Work required - Each line below needs to be returned exactly. Skip any picture.

Available data -

******

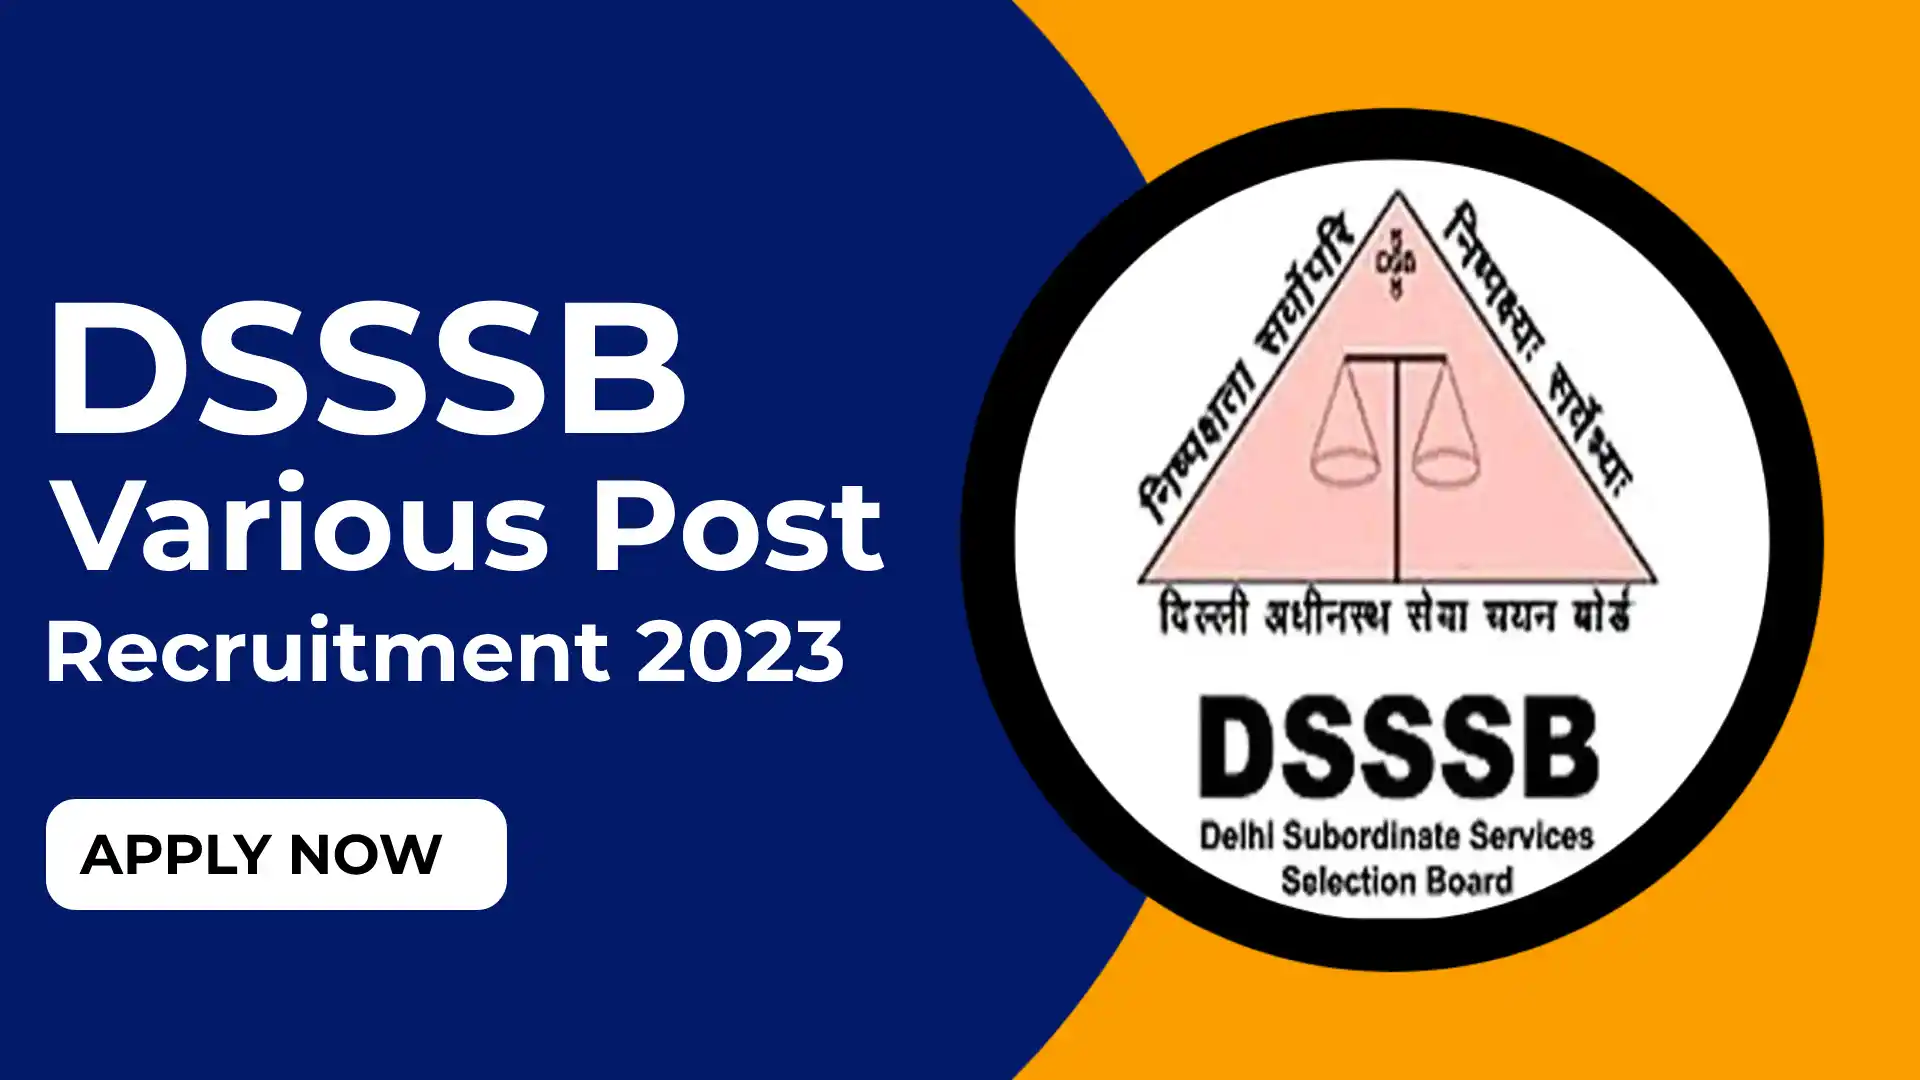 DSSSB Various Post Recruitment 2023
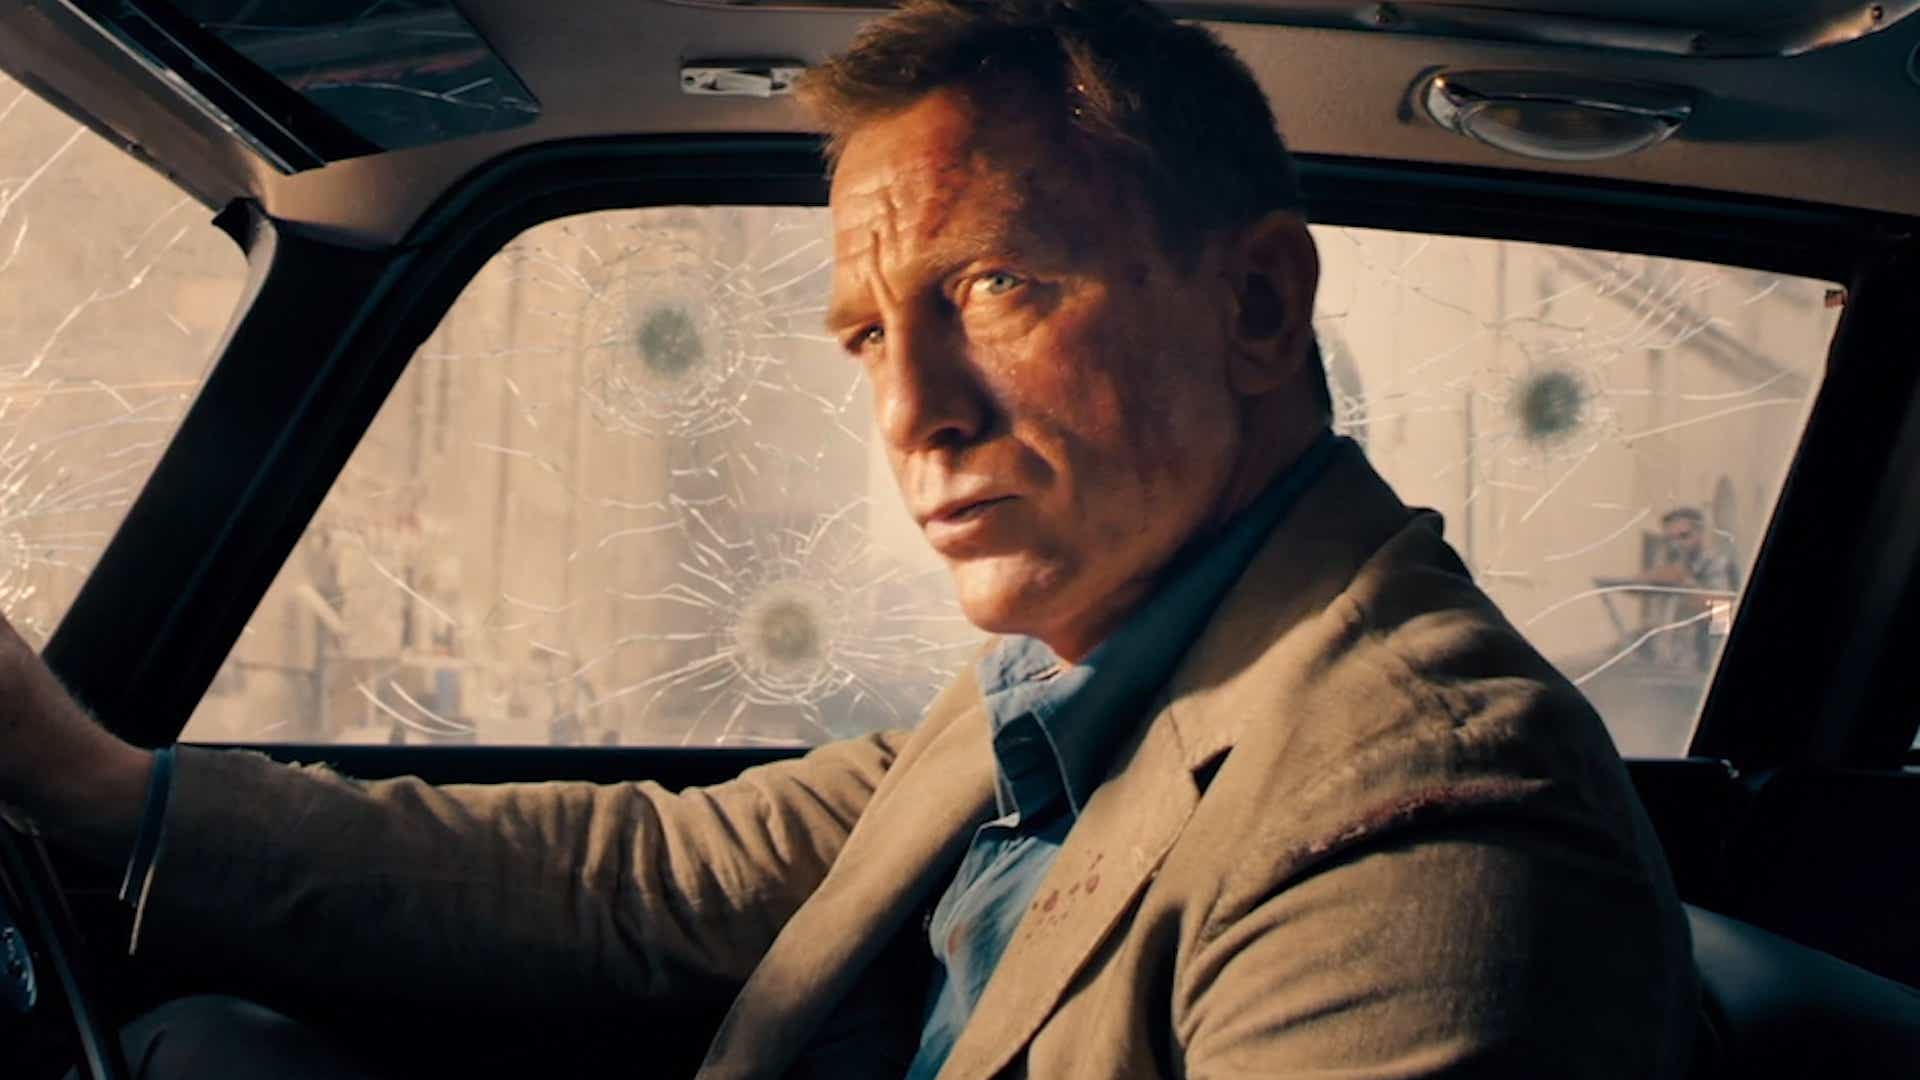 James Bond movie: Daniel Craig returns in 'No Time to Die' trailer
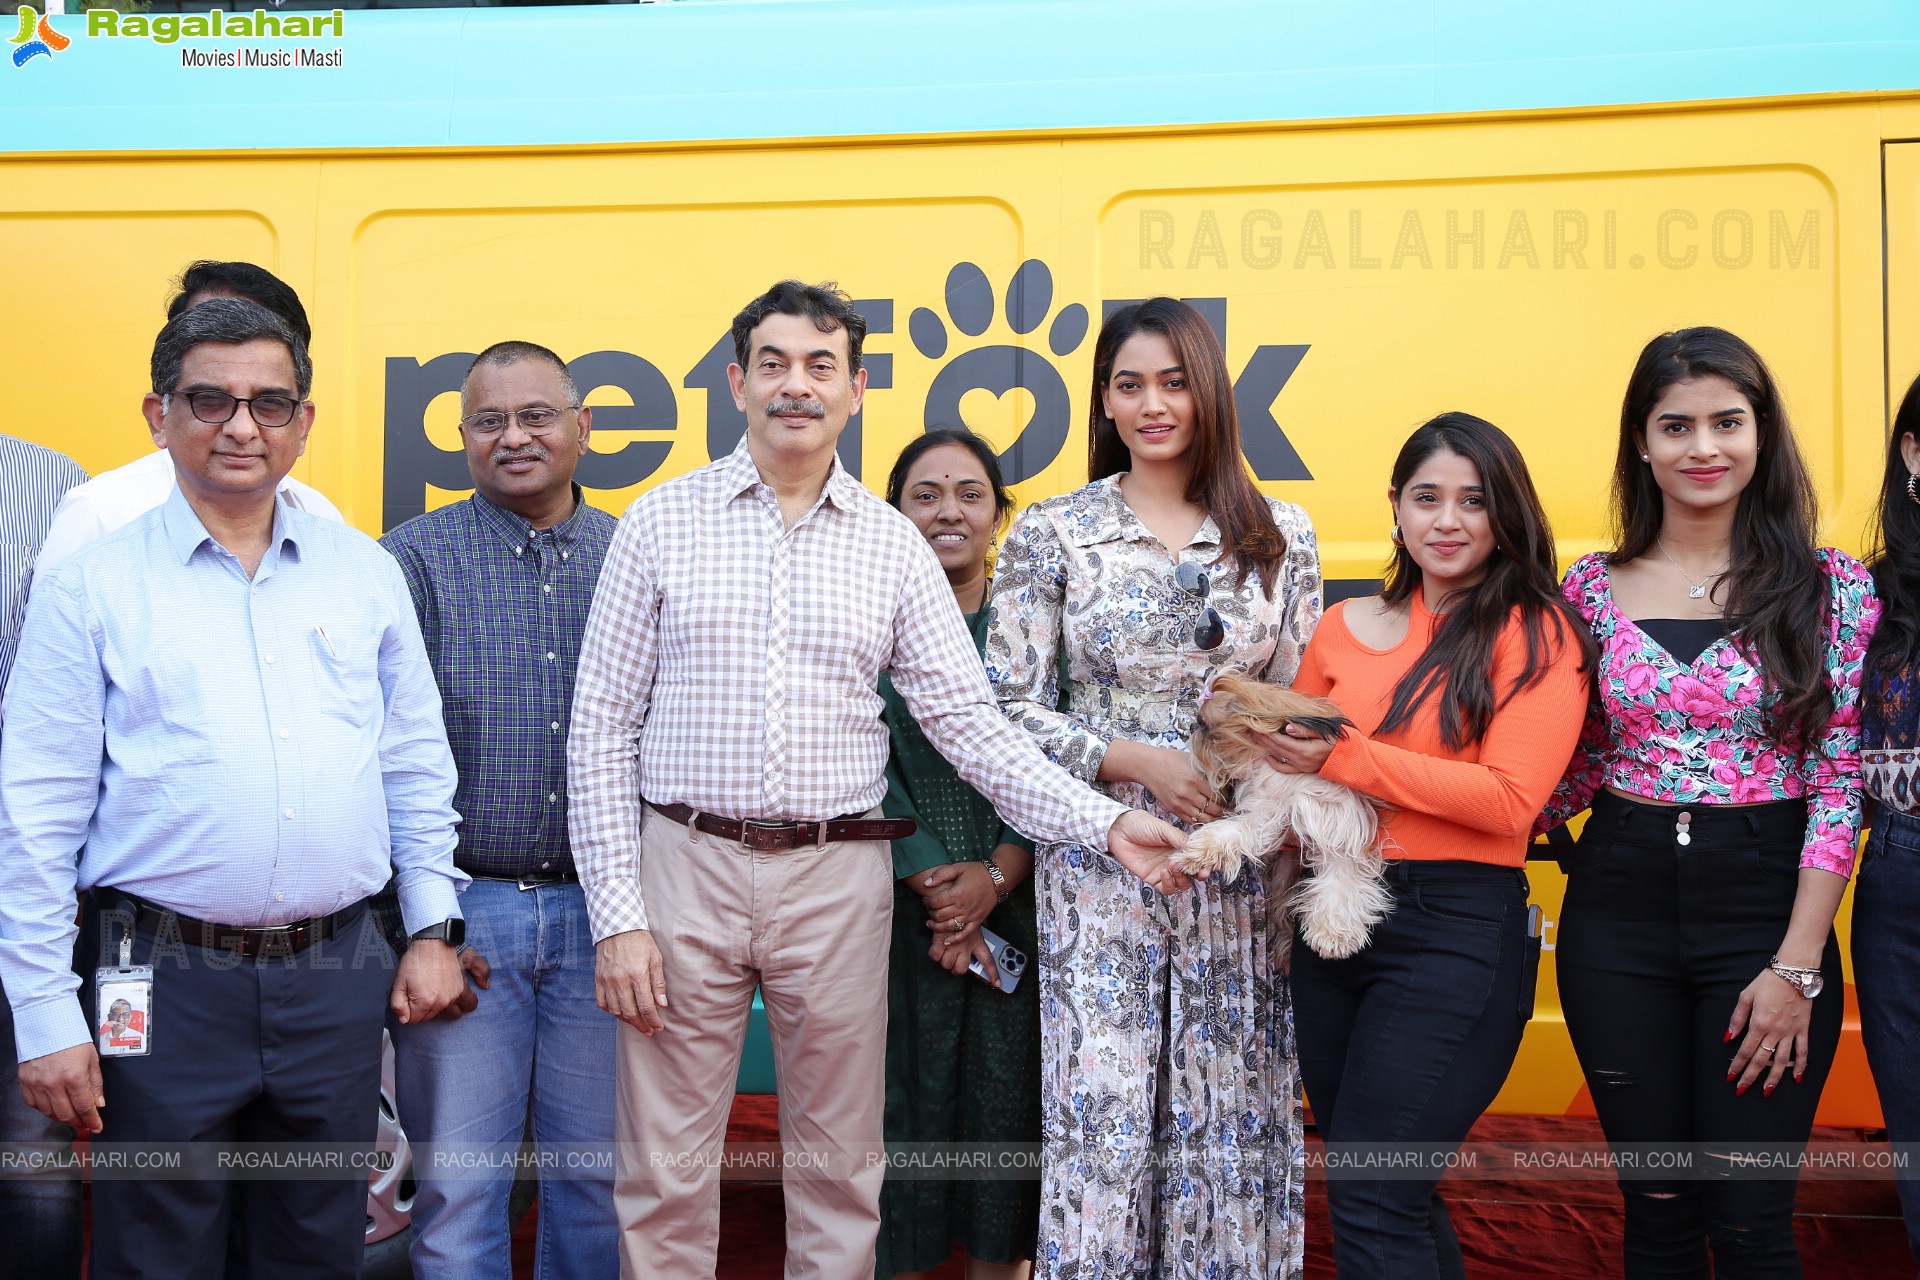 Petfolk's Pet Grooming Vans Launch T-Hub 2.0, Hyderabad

******

Answer to this exercise -
 DSSSB Various Post Recruitment 2023
 James Bond movie: Daniel Craig returns in 'No Time to Die' trailer
 Petfolk's Pet Grooming Vans Launch T-Hub 2.0, Hyderabad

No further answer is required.